In SVM, volumes are built from standard disk slices that have been created using the format utility. Using the format command, however, limits you to eight partitions per disk. Now, with SVM, you can utilize soft partitions to break this eight-slice-per-disk barrier. You simply use format to create a single slice (usually spanning the entire disk) and use SVM to create soft partitions on that slice.

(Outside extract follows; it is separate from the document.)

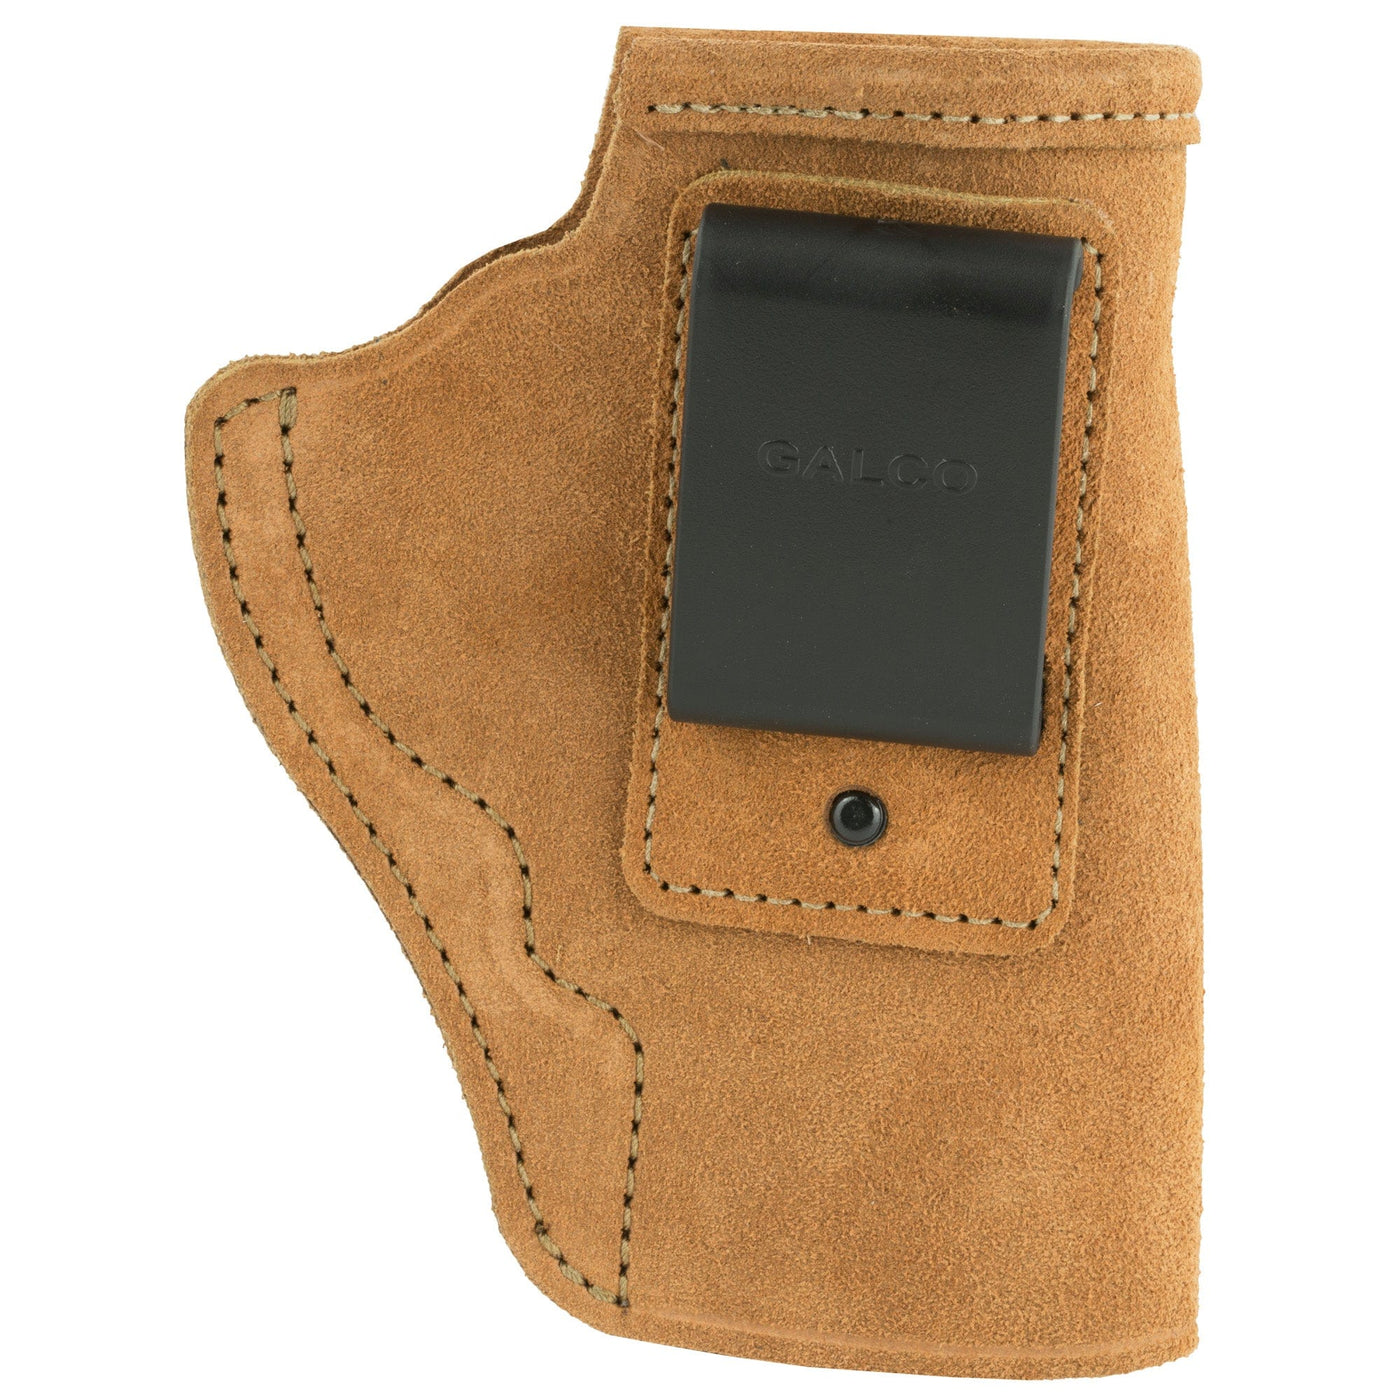 Galco Galco Stow-n-go J Fr Rh Nat Holsters

Using the SVM command-line utilities or the graphical user interface— Solaris Management Console (SMC) described in Chapter 18 “Solaris Management Console,”—the system administrator creates each device by dragging slices onto one of four types of SVM objects: volumes, disk sets, state database replicas, and hot spare pools. These elements are described in Table 11.4.

Table 11.4. SVM Elements
Object Description
Volume A volume is a group of physical slices that appear to the system as a single, logical device. A volume is used to increase storage capacity and increase data availability. The various types of volumes are described in the next section.
State database A state database is a database that stores information about the state of the SVM configuration. Each state database is a collection of multiple, replicated database copies. Each copy is referred to as a state database replica. SVM cannot operate until you have created the state database and its replicas.
Disk sets A set of disk drives containing state database replicas, volumes, and hot spares that can be shared exclusively but not at the same time by multiple hosts. If one host fails, another host can take over the failed host’s disk set. This type of fail-over configuration is referred to as a clustered environment.
Hot spare pool A collection of slices (hot spares) reserved for automatic substitution in case of slice failure in either a submirror or RAID5 metadevice. Hot spares are used to increase data availability.

SVM Volumes

The types of SVM volumes you can create using Solaris Management Console or the SVM command-line utilities are concatenations, stripes, concatenated stripes, mirrors, RAID5 volumes, and transactional volumes. All of these are described here:

  • Concatenation Concatenations work much the way the UNIX cat command is used to concatenate two or more files to create one larger file. If partitions are concatenated, the addressing of the component blocks is done on the components sequentially, which means that data is written to the first available stripe until it is full and then moves to the next available stripe. The file system can use the entire concatenation, even though it spreads across multiple disk drives. This type of volume provides no data redundancy, and the entire volume fails if a single slice fails.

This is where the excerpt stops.